O sonho de Allan Guimarães, 18 anos, é ser militar pelo Exército Brasileiro. Ele é um homem trans que conseguiu a retificação de gênero no ano passado e aproveitou o serviço obrigatório militar para se alistar nas Forças Armadas.
No dia da visibilida de trans, a Defensoria Pública do Distrito Federal organizou o primeiro mutirão específico para homens trans, que ocorreu na segunda-feira (29/1) e atendeu 30 pessoas.
“É uma coisa que arde assim no meu coração, que eu sinto uma vontade apaixonante de servir ao meu país”, disse. Para o jovem, a possibilidade de preconceito dentro das Forças Armadas não é um impeditivo. “Não posso viver com medo. Eu quero mostrar que pessoas trans podem estar em todo lugar que quiser”, destacou.
A coragem do rapaz impressionou Heittor Neves, 21. Também jovem trans, ele não pretende seguir carreira militar. O Metrópoles Entrevista conversou com os dois sobre as avaliações de cada um do mutirão e como percebem a carreira militar.
Sua história, especialmente após a retificação de gênero, ilustra não apenas um passo pessoal em direção à realização de um sonho, mas também um avanço importante na visibilidade e aceitação de pessoas trans em espaços tradicionalmente dominados por normas rígidas de gênero.
O mutirão organizado pela Defensoria Pública do Distrito Federal, que atendeu 30 pessoas trans, reflete um esforço institucional em reconhecer e atender às necessidades específicas dessa comunidade, promovendo igualdade e justiça.

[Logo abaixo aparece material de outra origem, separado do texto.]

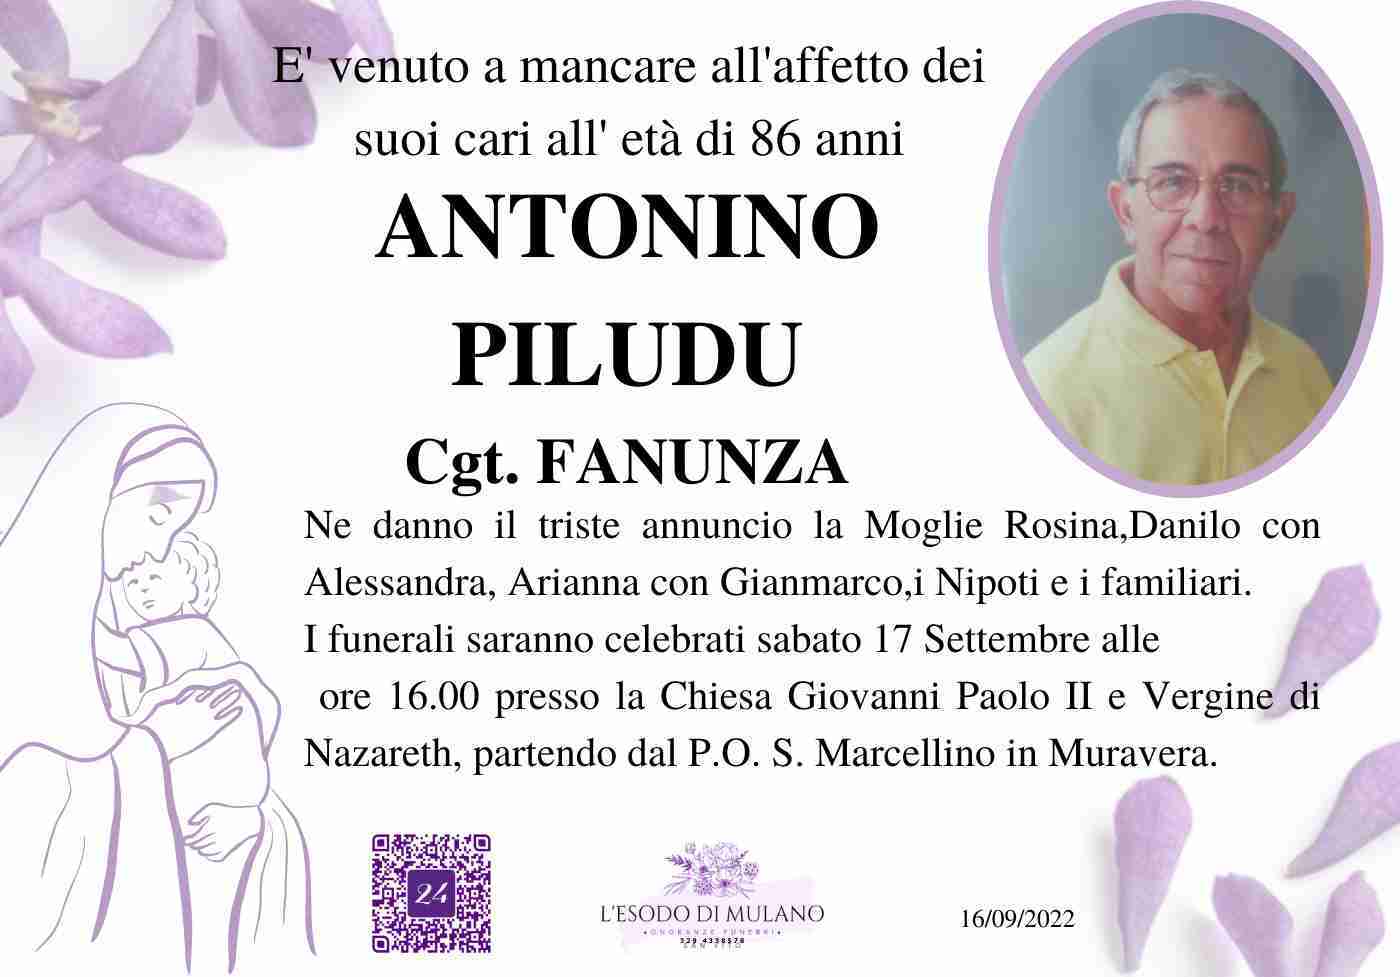 Antonino Piludu

A determinação de Allan em superar potenciais barreiras de preconceito e sua convicção de que pessoas trans podem e devem ocupar qualquer espaço na sociedade ressoam como um chamado à ação para a inclusão. A sua história, juntamente com a de Heittor Neves, que, apesar de não aspirar à carreira militar, apoia a jornada de Allan, oferece uma perspectiva diversificada sobre os desafios e aspirações da comunidade trans
. As conversas com o Metrópoles Entrevista ampliam a discussão sobre a inclusão de pessoas trans no serviço militar, sublinhando a importância de políticas e práticas que acolham a diversidade e promovam um ambiente de respeito mútuo e igualdade de oportunidades para todos, independentemente de sua identidade de gênero.